Next are a few raw examples just for illustration. More realistically, the pool would be internal to some other object such as an advanced C++ smart pointer in order to provide more efficient and multi-threaded allocations and deallocations.

Example 1:

template< typename T >
struct pointer
{
    ...


    // All instances must share the same pool.
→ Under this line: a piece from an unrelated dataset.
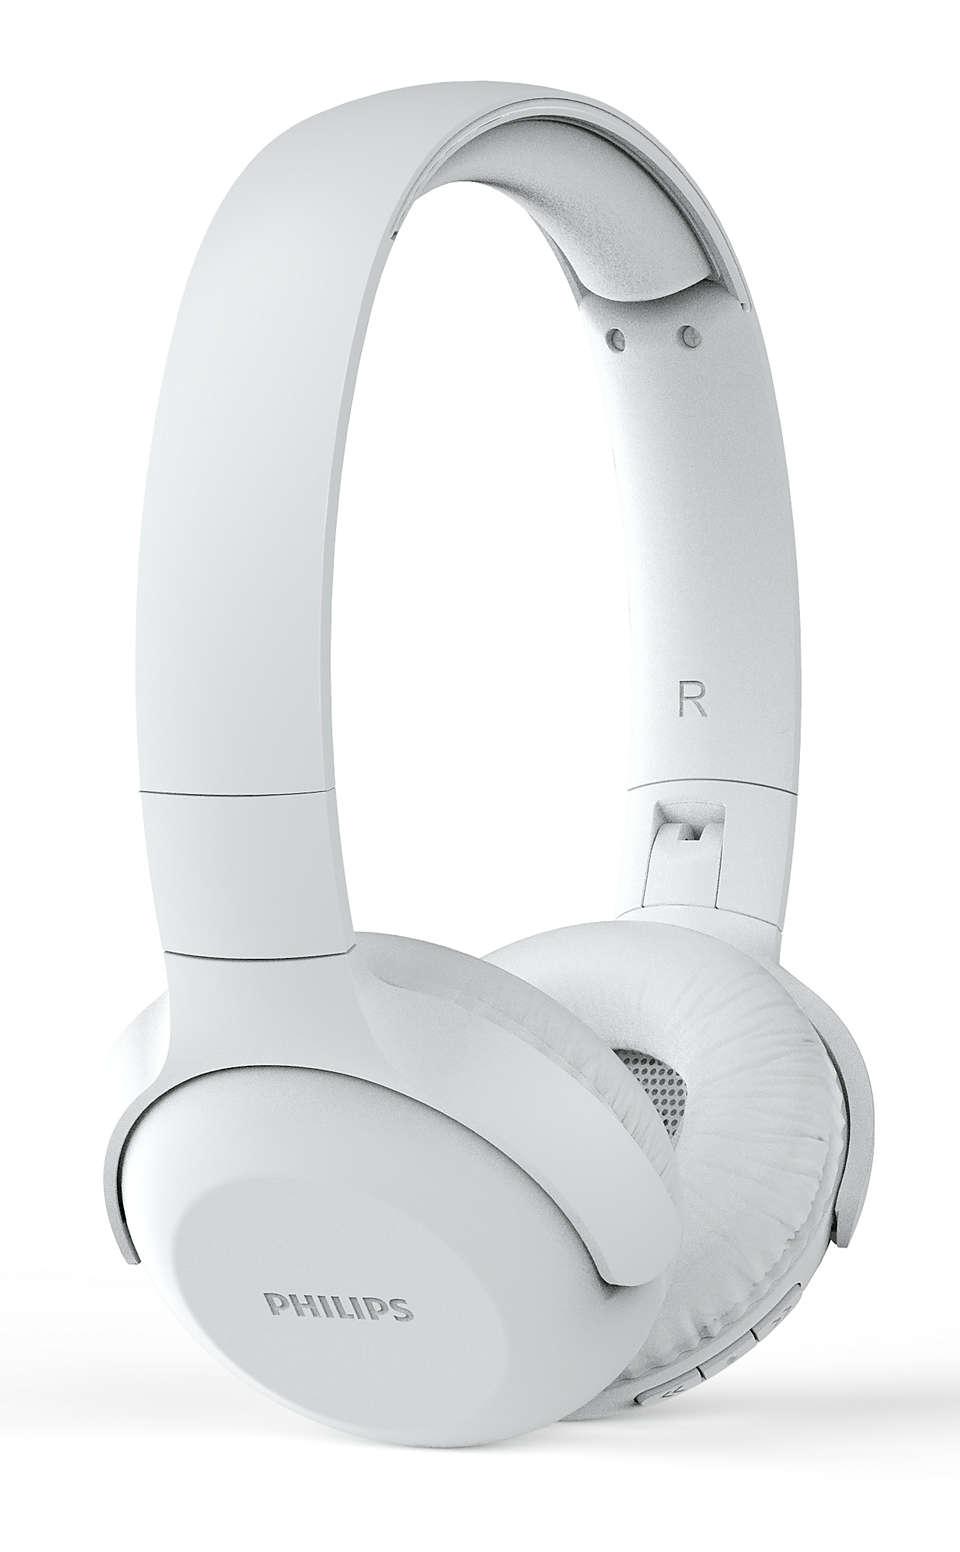 Fone De Ouvido Headphone Philips Wireless Sem Fio Branco - Tauh202wt/00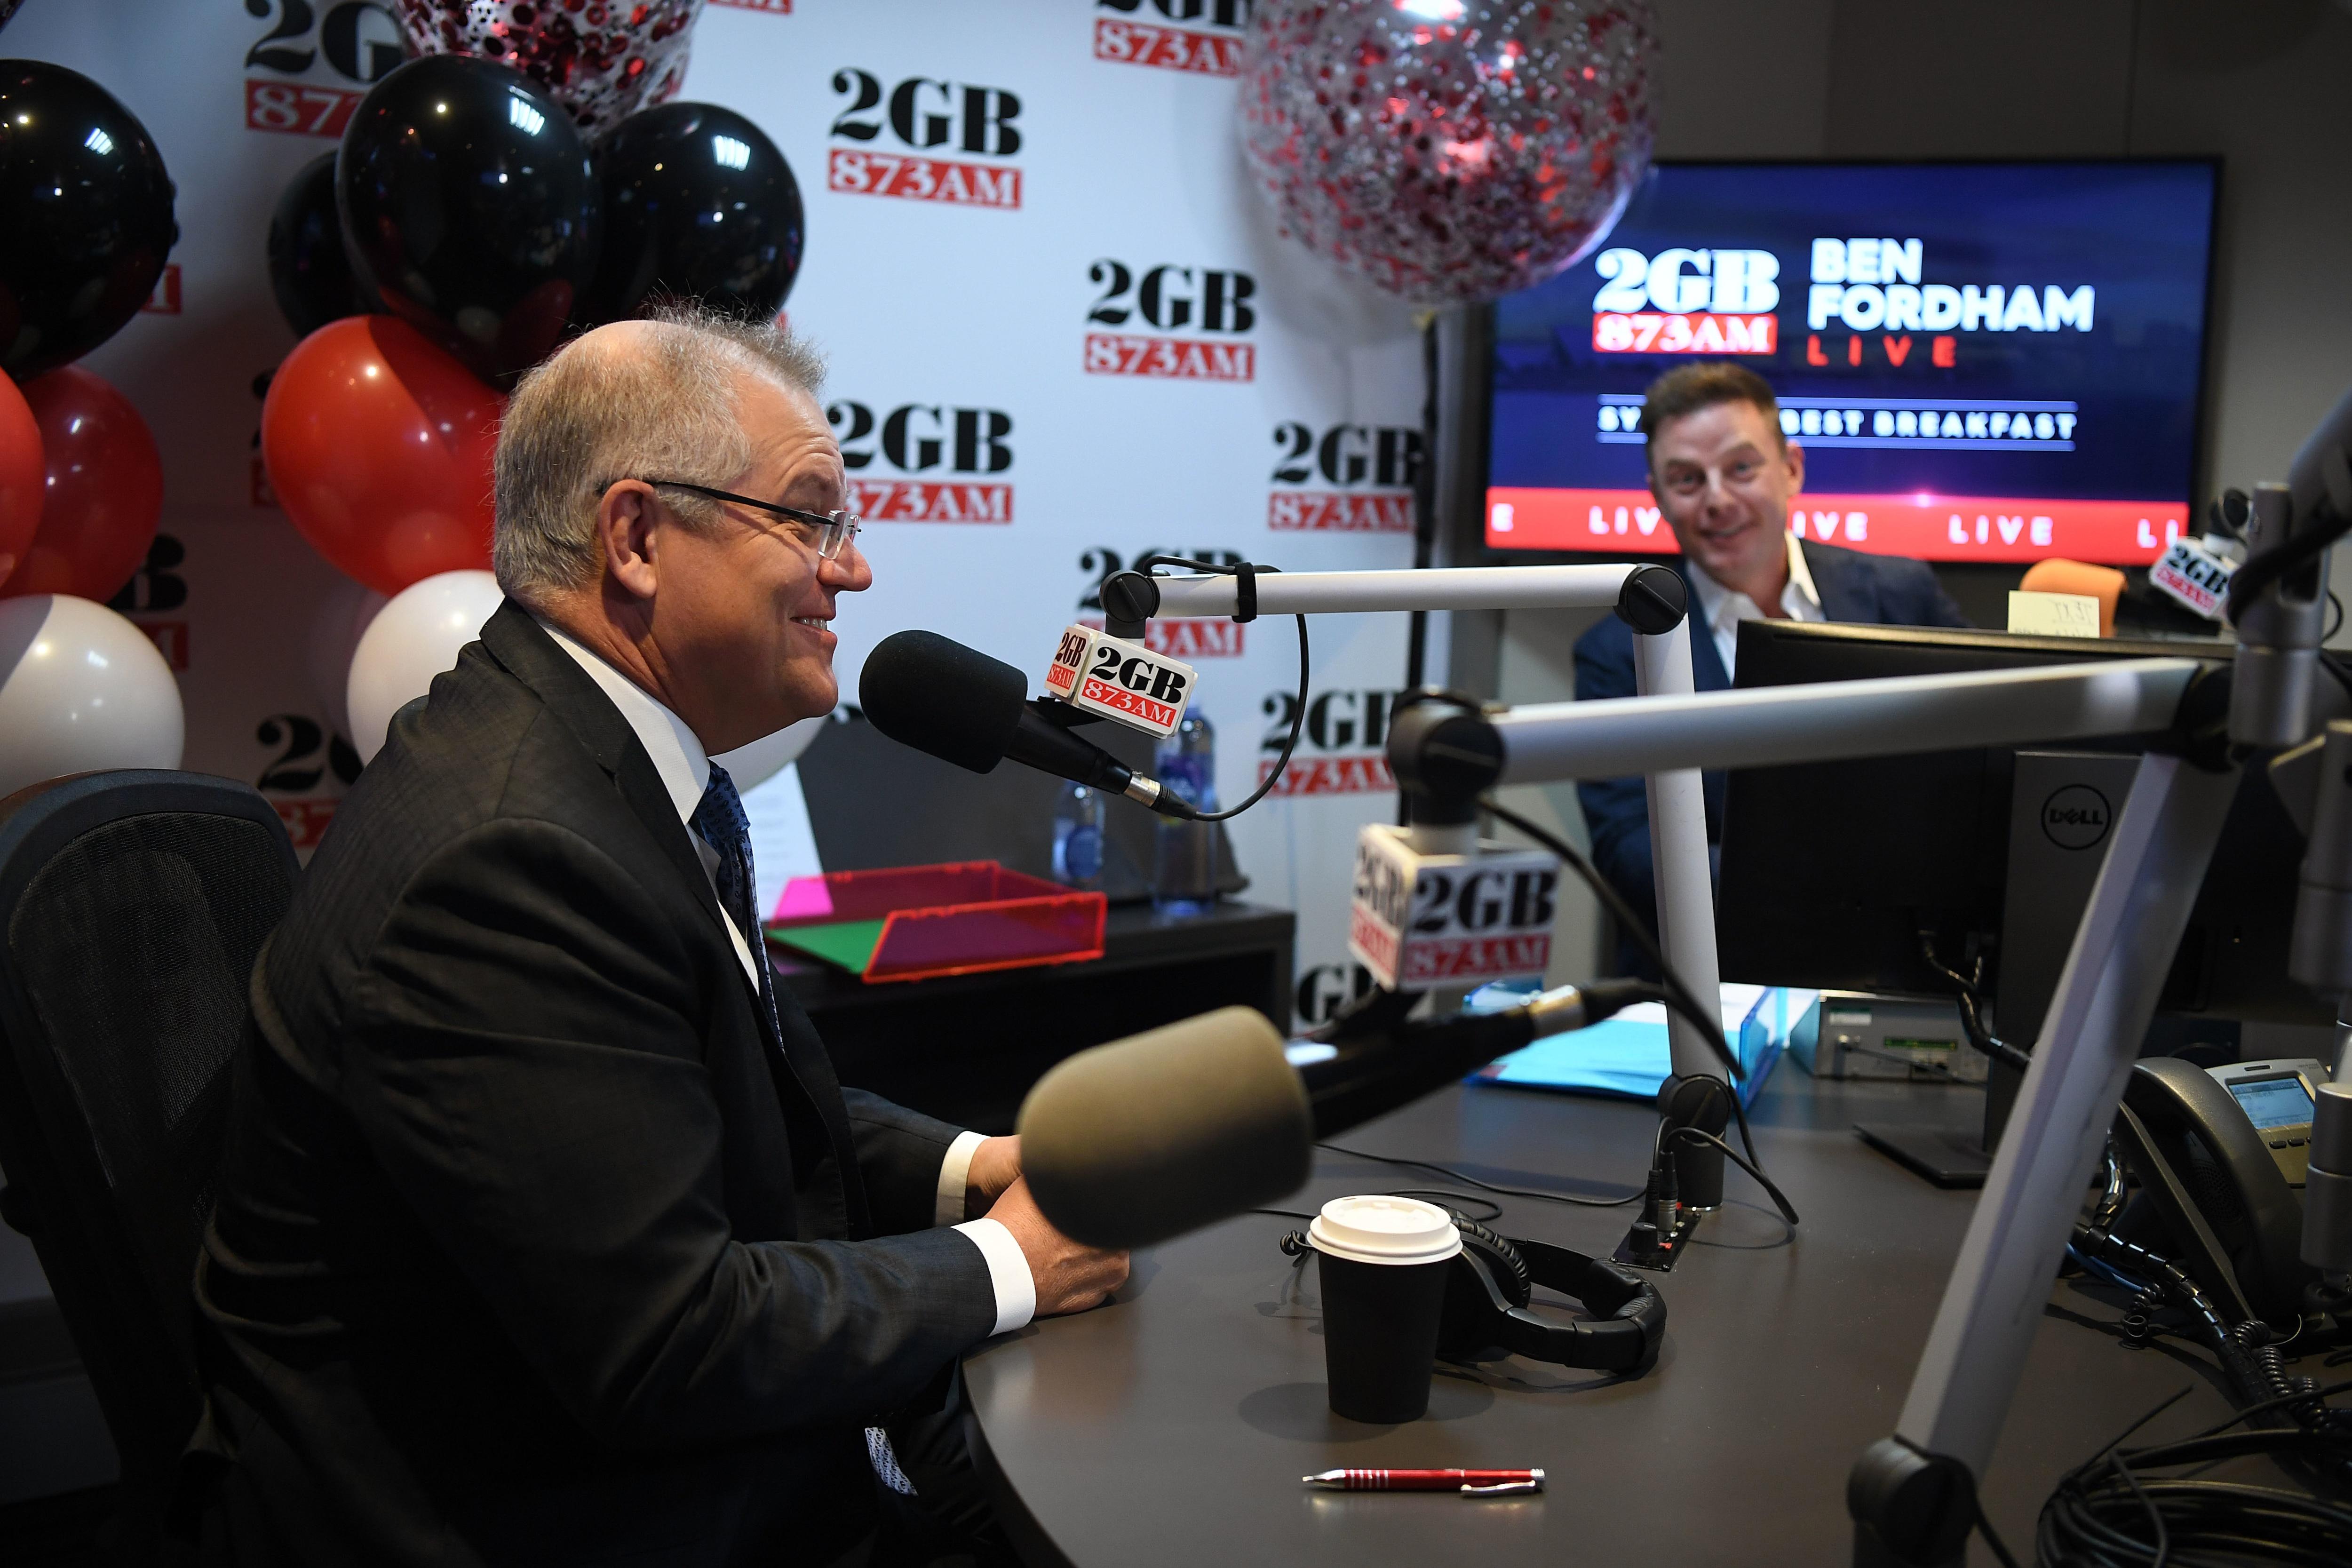 Prime Minister Scott Morrison in the 2GB studio.

    static memory::pool< std::size_t > pool;

    ...

};

// The shared pool.
template< typename T >
memory::pool< std::size_t > pointer< T >::pool;


Example 2:

void f()
{
    // An ISM cache.
    static memory::pool
    < 
        std::size_t
        memory::policy::shared< memory::policy::ism
    > 
    pool;

    ...
}

Example 3:

// On Intel x86-64, sizeof( S ) = 8 = sizeof( void * )
// So, there's no internal fragmentation.
struct S
{
    char c;
    int i;
};


void f()
{

    memory::pool
    < 
        S, 
        memory::policy::c< memory::policy::locked > 
    > 
    pool( memory::largest_page() );

    try
    {      

        // Manual pre-expand (just for illustration).
        pool.expand();

        S * p = ( S * ) pool.request();

        p->c = 'S';
        p->i = 11;

        pool.recycle( p );
    }

    catch ( ... )
    {
        ...
    }
}


Example 4:

#ifndef S_HXX
#define S_HXX

#include "memory.hxx"

struct S : memory::operations< S >
{
    int code;
    char text[ 10 ];

    S( int c = 0, char const * t = "" ) : code( c )
    {
        ::strlcpy( text, t, sizeof(text) - 1 );
    }
};
  
#endif /* S_HXX */

  

 
#include "s.hxx"

void f()
{
    S * s = new S;


    ...


    delete s;
}

 

 
#include "s.hxx"

struct derived_S : S
{
   ...
};

extern void f();

void g()
{
    S * s = new S;


    ...


    delete s;

    ...


    derived_S * ds = new derived_S;

    ...


    delete ds;

    ...


    f();
}